Photo by Irene Demetri / Unsplash

medRxiv Published April 19, 2026 Medically reviewed April 25, 2026 Study authors: Wang, Y.; Truong, B.; Lu, W.; Fadil, C.; He, Y.; Luo, W.; Koyama, S.; Tsuo, K.; Paruchuri, K.; Yu, Z… DOI ↗ By Dr. Julia Lee, PhD · Oncology, Genomics & Drug Development

Key Takeaway

Consider that phenomic PGS and social determinants can refine risk prediction, but findings are observational and disease-specific.

This research article presents an observational analysis from UK Biobank, Mass General Brigham Biobank, and All of Us participants.
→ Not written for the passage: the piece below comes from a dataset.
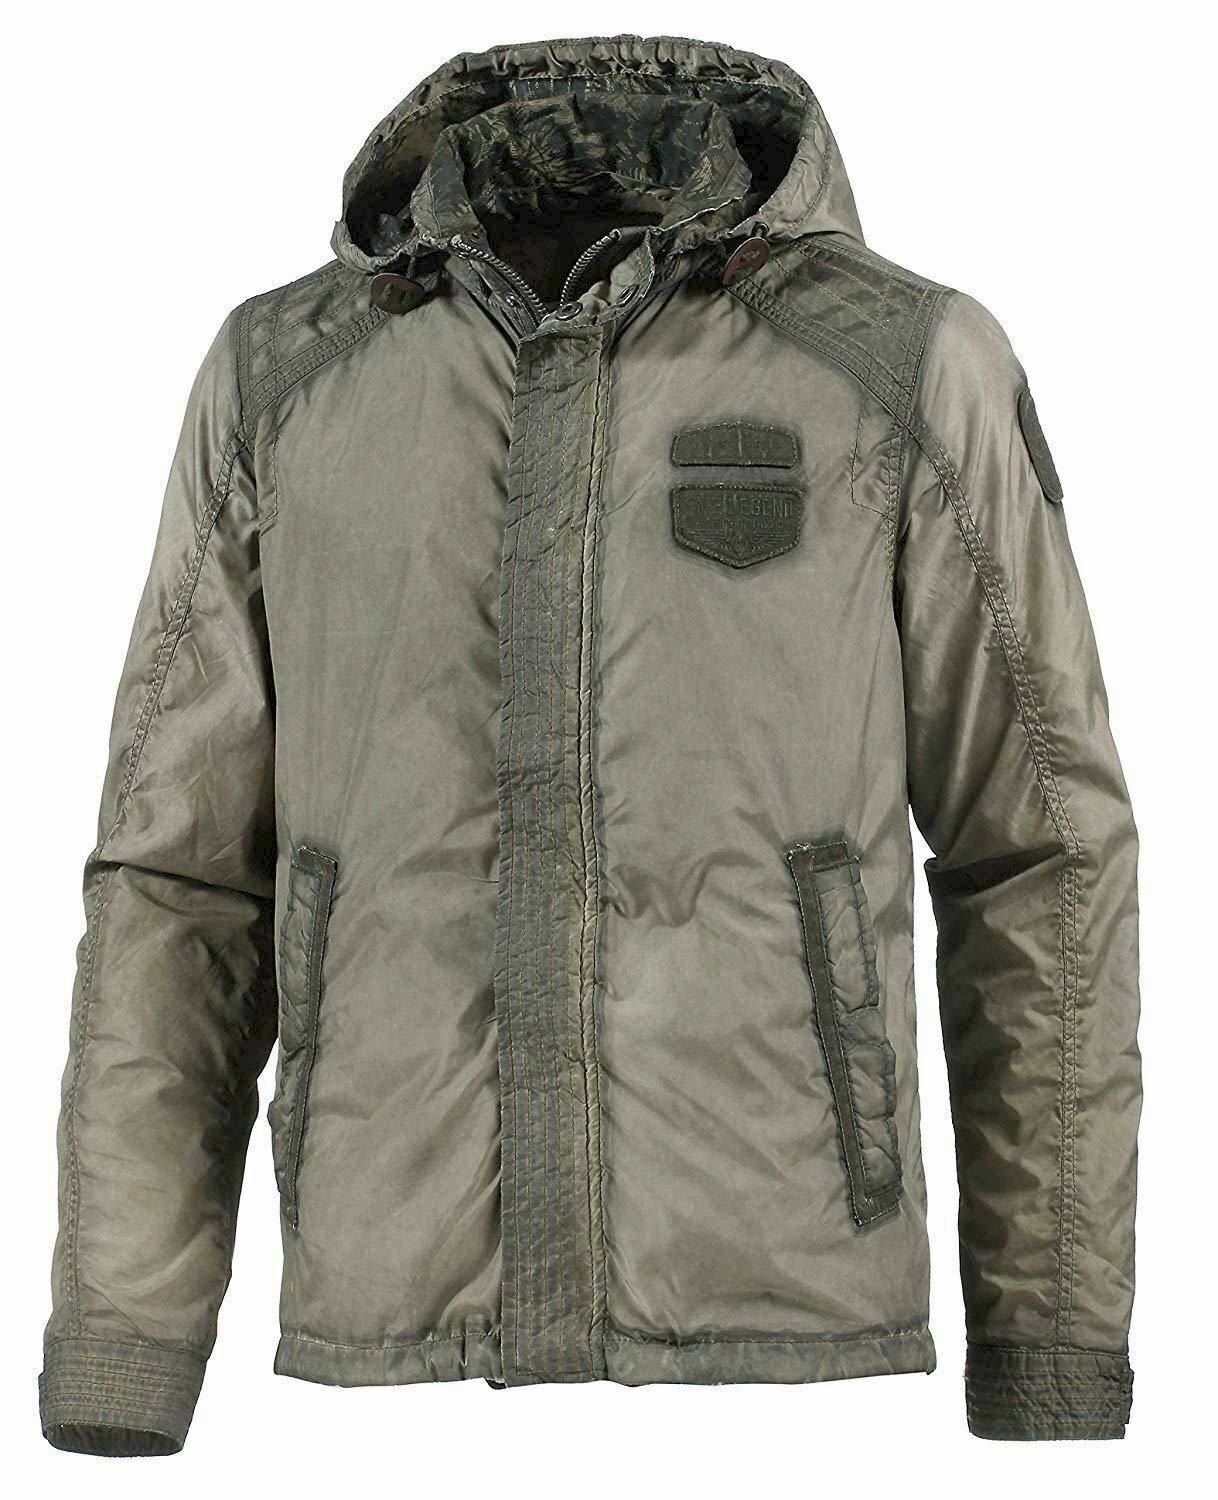 PME LEGEND Men's Distressed Look Casual Jacket, Khaki, size Medium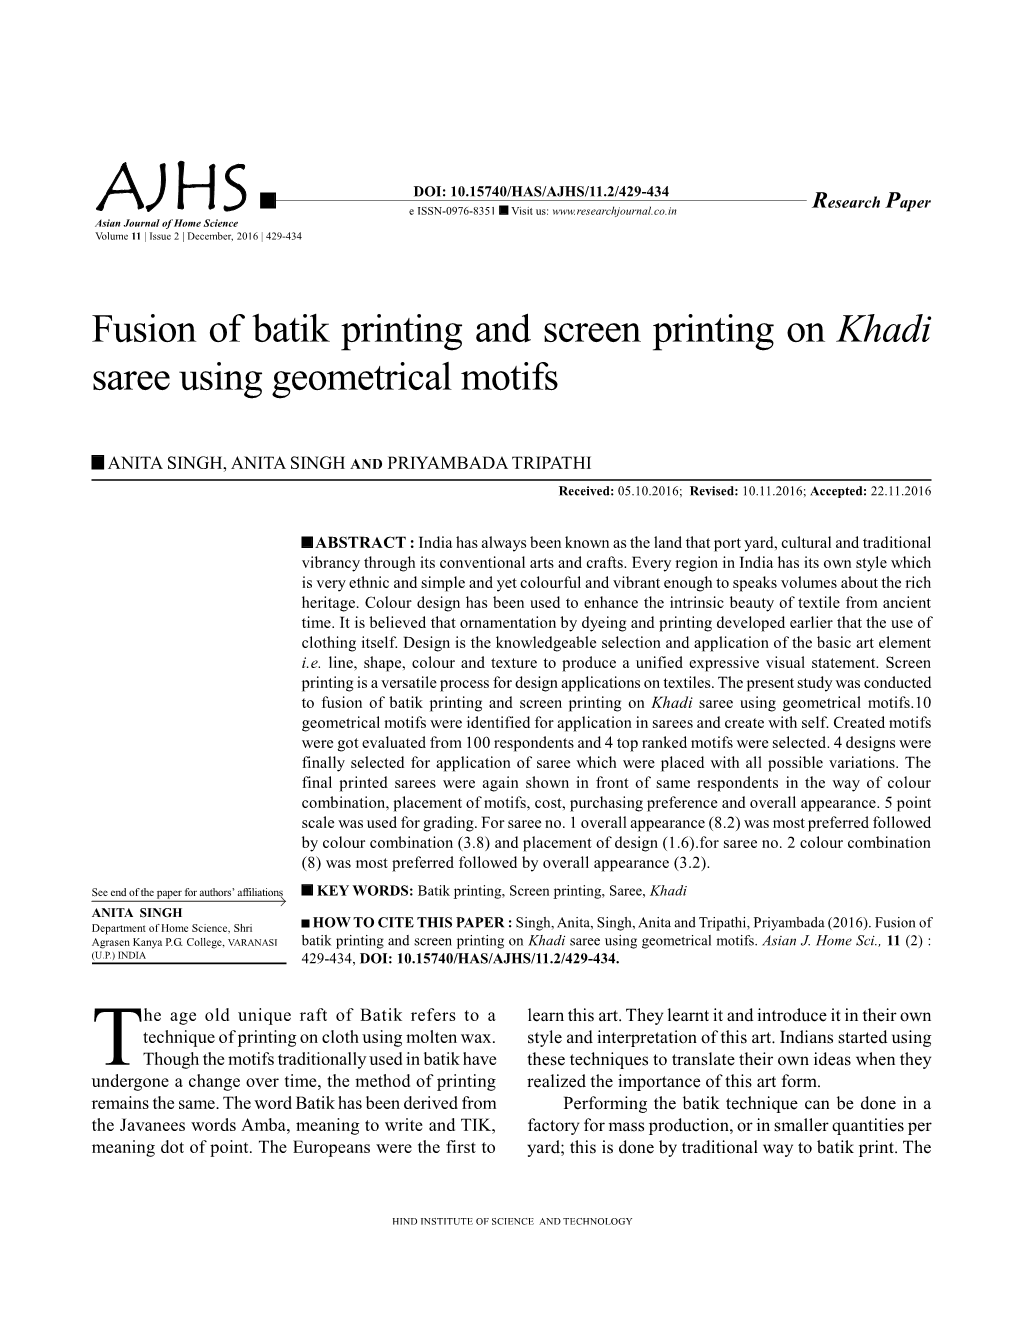 Fusion of Batik Printing and Screen Printing on Khadi Saree Using Geometrical Motifs

It evaluates phenome-derived polygenic scores (PGS) for 35 latent phenomic factors and social determinants of health (SDoH) for predicting asthma, coronary artery disease, and type 2 diabetes, compared to conventional disease-specific PGS.

For asthma prediction, factor-based PGS outperformed disease-specific PGS and showed superior cross-ancestry portability. Specifically, the respiratory factor PGS retained 41.5% of European-ancestry predictive accuracy in African-ancestry individuals, compared with 22.9% for asthma PGS from multi-ancestry GWAS. For coronary artery disease and type 2 diabetes, disease-specific PGS remained superior. SDoH contributed substantial and largely independent predictive information across all three diseases.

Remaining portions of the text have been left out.